Because the events of the plot take place during the Christmas season, it is a contemporary, but little-remembered example of the Christmas film. The original print has been digitally remastered and preserved by the National Film Museum, Incorporated.

==Plot==
Engineers George Melton and Allan Chadwick work furiously to complete a design on time, even though it is Christmas Eve. Michael O'Brien, the third partner in their Manhattan firm, arrives with presents for all and kindly lets their employees leave. The three old men then go home to the mansion they share with Madame Tanya, an elderly countess dispossessed by the Russian Revolution, for a dinner with prestigious guests.

When the guests cancel at the last minute, George is convinced it is because of his dark past. To relieve George's black mood, Michael comes up with an idea to obtain new guests for dinner. Each man throws out a wallet containing $10 and his business card into the street. George's is found by Arlene Terry, who merely gives the money to her driver and discards the wallet. However, the other two are returned by more considerate people: Texas cowboy James Houston and teacher Jean Lawrence. They stay for dinner and soon become good friends with the three men and Madame Tanya. James and Jean also fall in love with each other, delighting the three men.

When the engineers have to travel to Pittsburgh on business, Madame Tanya begs Michael to take the train rather than fly. He assures her it is perfectly safe, but Madame Tanya's premonition proves tragically correct when their aircraft crashes in a storm, killing all three. When James and Jean come to announce that they are engaged, they receive the bad news. The ghosts of the three men return home, where they are dimly sensed by Madame Tanya.

It turns out that Michael had bequeathed some bonds to the young couple so they could afford to marry. The story is picked up by the press, and as a result, James is invited to be a guest on a radio show. This is the opportunity he has been waiting for to showcase his wonderful singing voice. At the studio, James bumps into Arlene Terry, an established singing star. She wishes him well and is impressed by his performance. She had been wanting to replace her aging partner; she and her manager, Phil Hubert, offer James a starring role in her new show. He accepts.

As James spends time with Arlene rehearsing, he becomes infatuated with her and neglects Jean, much to the distress of the ghosts, who are powerless to do anything. When Arlene's ex-husband bangs on her door, she has James leave by the back door, but not before persuading him to take a three-day break from work with her in the country.

George is summoned to leave the world.
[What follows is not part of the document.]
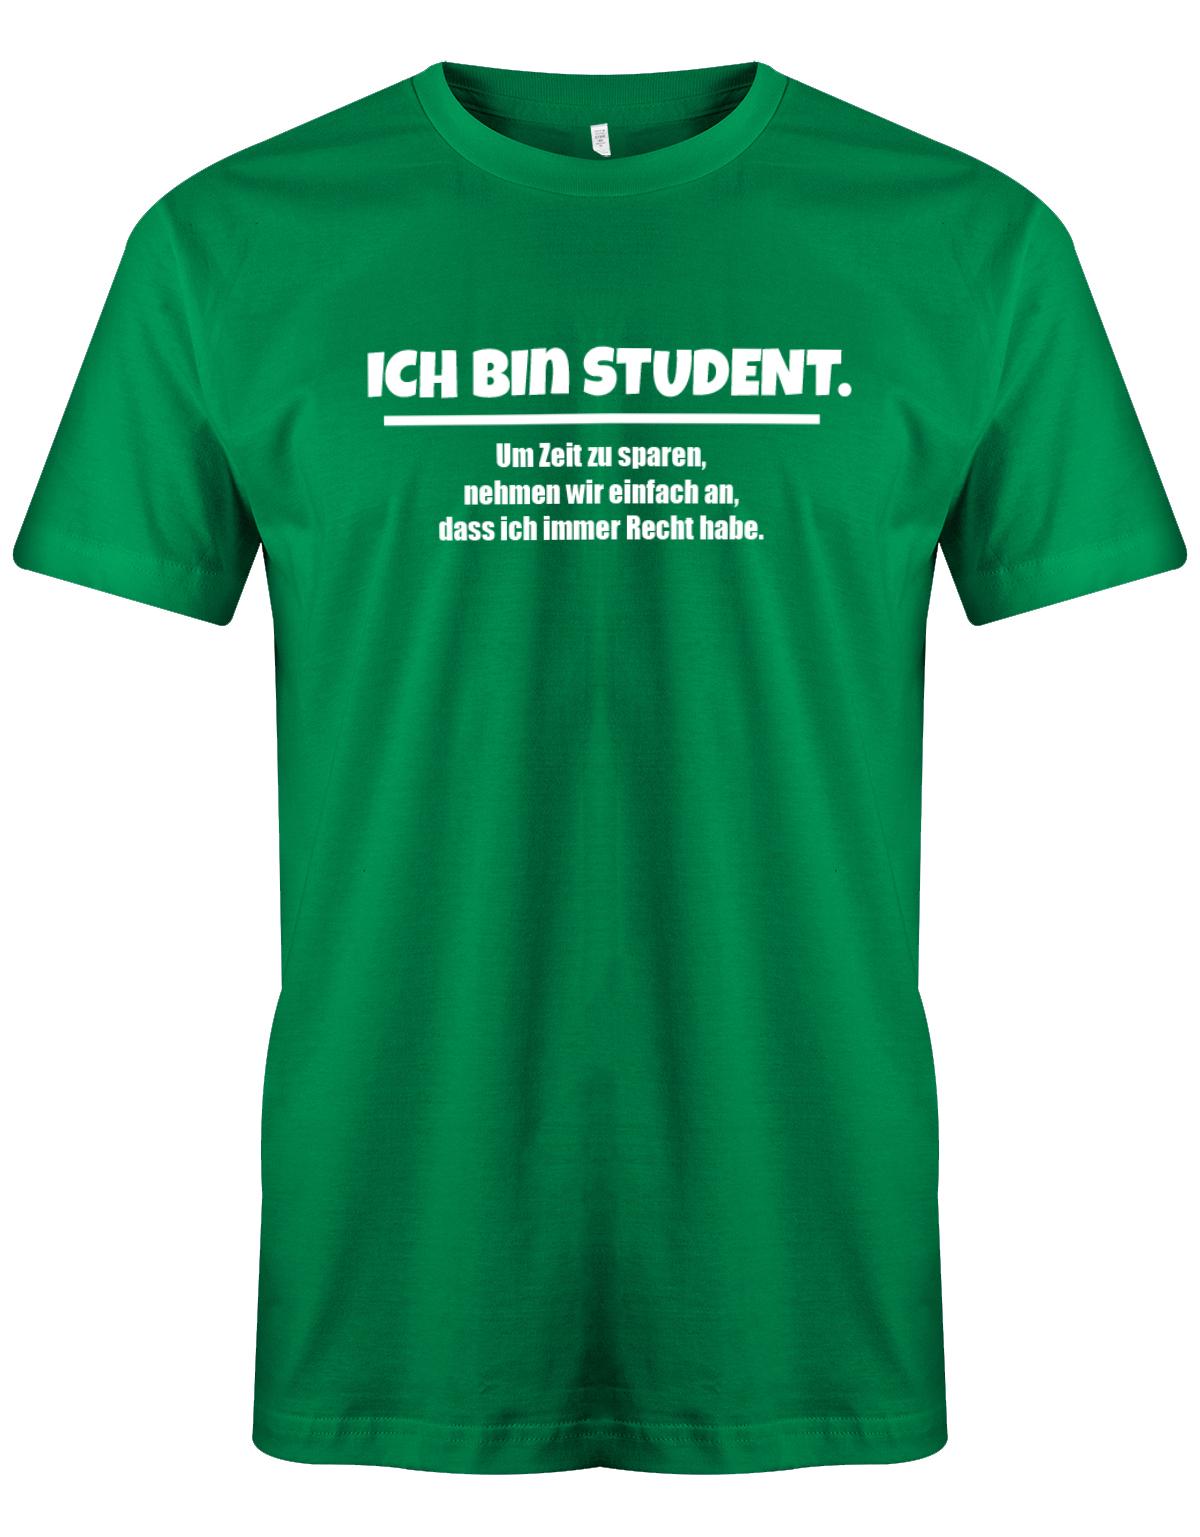 Ich-bin-Student-um-zeot-zu-sparen-habe-ich-recht-Herren-Spr-che-Studium-Shirt-Gr-n
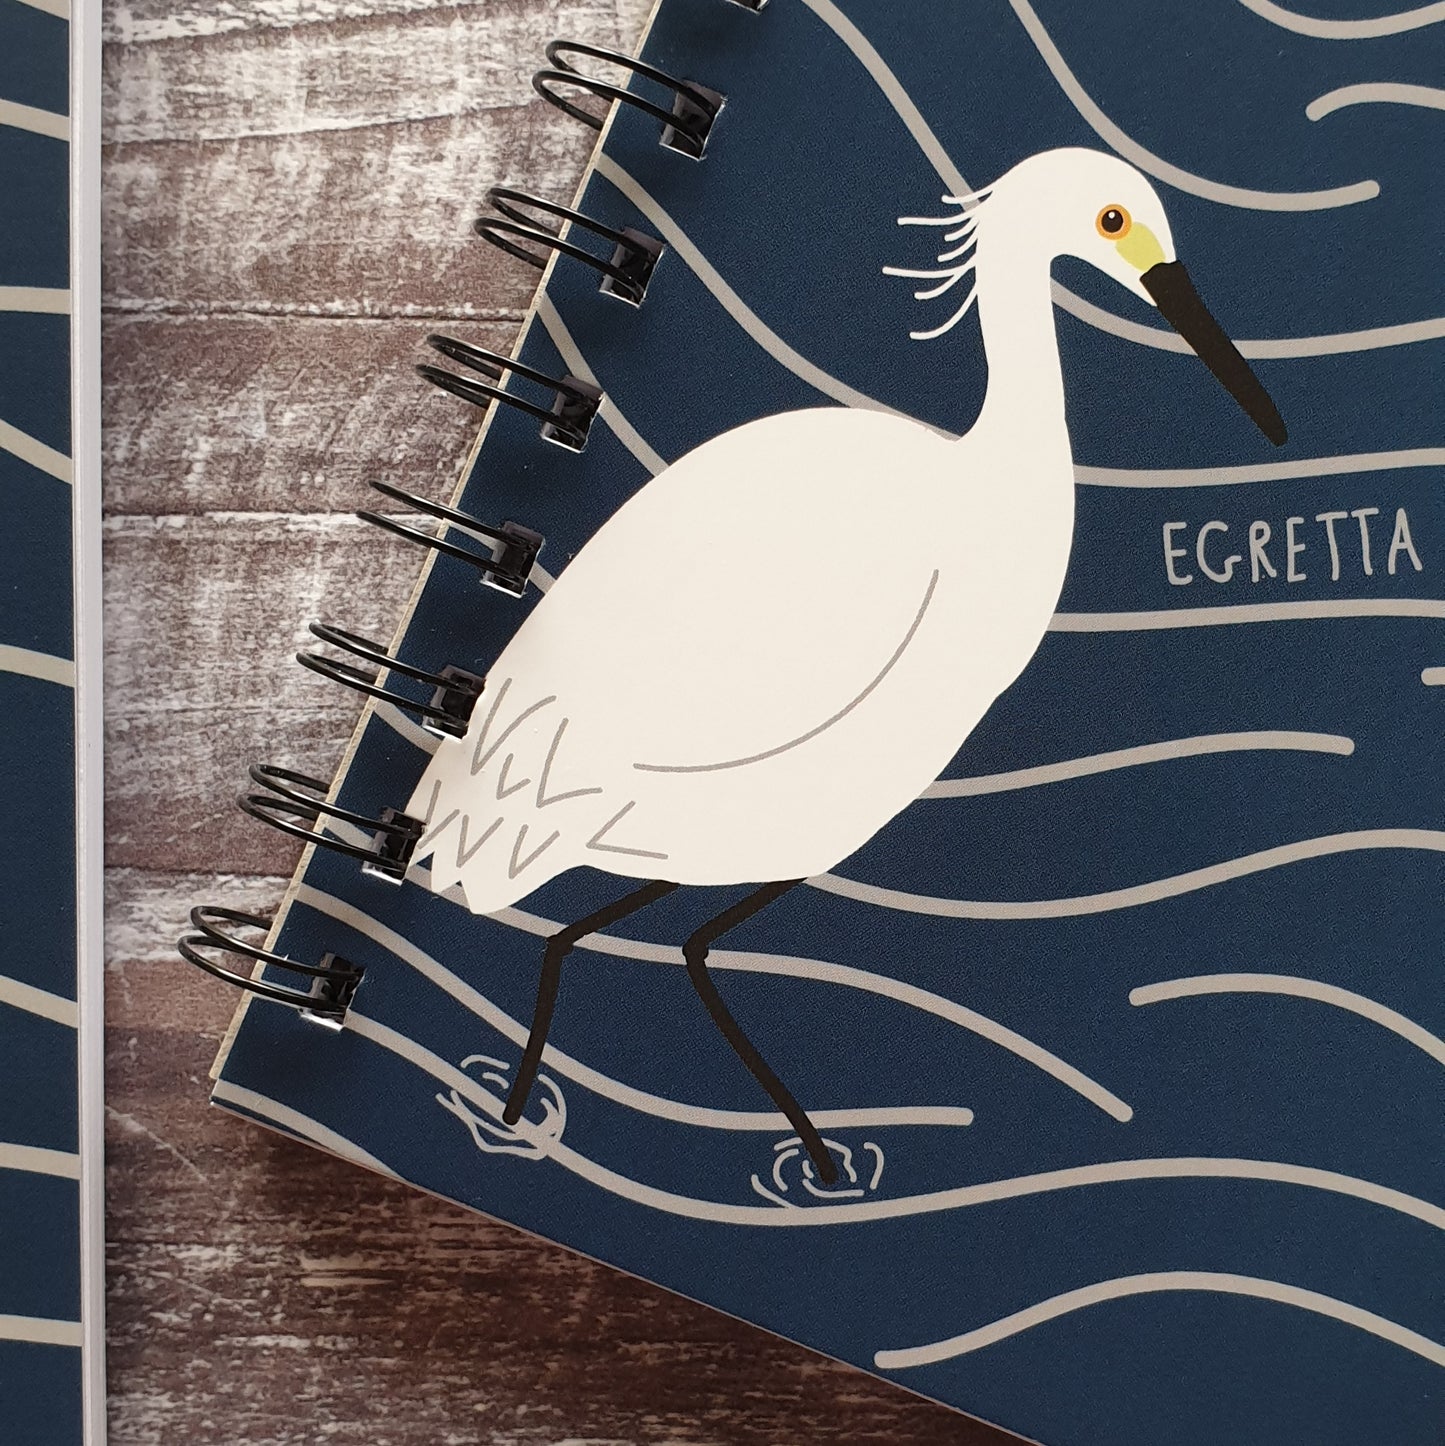 Little Egret Notebooks

Michael begs him to repent before it is too late, but George refuses to be a hypocrite and walks away amid thunder and lightning into the darkness. Soon it is Allan's turn. His son David comes to take him to Heaven to be reunited with his wife. When Michael is called, he refuses to leave James, although a voice tells him each person is summoned only once and that he will be doomed to roam the Earth forever if he turns it down.

When Arlene leaves her apartment to meet James, her ex-husband is waiting. He needs her help to get back on his feet. However, she coldly brushes him off. When Arlene and James drive away, the jealous, estranged husband follows and shoots them when they stop for dinner. James dies on the operating table, and he is greeted by Michael. Michael is given a second chance to enter Heaven; a voice explains that Michael's mother gave them no rest. Michael pleads for a second chance for the young man. His wish is granted, and James returns to life. Michael is reunited with a now-repentant George, and both are admitted into Heaven.

==Cast==
In order of their appearance
- Harry Carey as George Melton
- C. Aubrey Smith as Allan Chadwick
- Charles Winninger as Michael O'Brien
- Alex Melesh as Josef (butler)
- Maria Ouspenskaya as Madam Tanya
- Helen Vinson as Arlene Terry
- Rod La Rocque as Phil Hubert
- Richard Carlson as James Houston
- Jean Parker as Jean Lawrence
- J. Anthony Hughes as Officer Johnson
- Robert Homans as Sergeant
- Virginia McMullen as Secretary
- James Bush as Jace Taylor
- William Bakewell as David Chadwick

==Production==
Principal photography for Beyond Tomorrow began in late November 1939 at the General Service Studios.

==Song==
The song "It's Raining Dreams" was written by Harold Spina and Charles Newman.

==Reception==
Although Beyond Tomorrow was considered a "Christmas Carol" and had some redeeming features including its talented cast of character actors, reviewer Bosley Crowther of The New York Times felt that the plot let the film down. "For its first half it is a latter-day Christmas carol, told with a gamin tenderness and warming as a hot toddy. But when its three elderly good Samaritans return from a plane crash as celluloid chimeras, its mystical peregrinations are more preposterous than moving."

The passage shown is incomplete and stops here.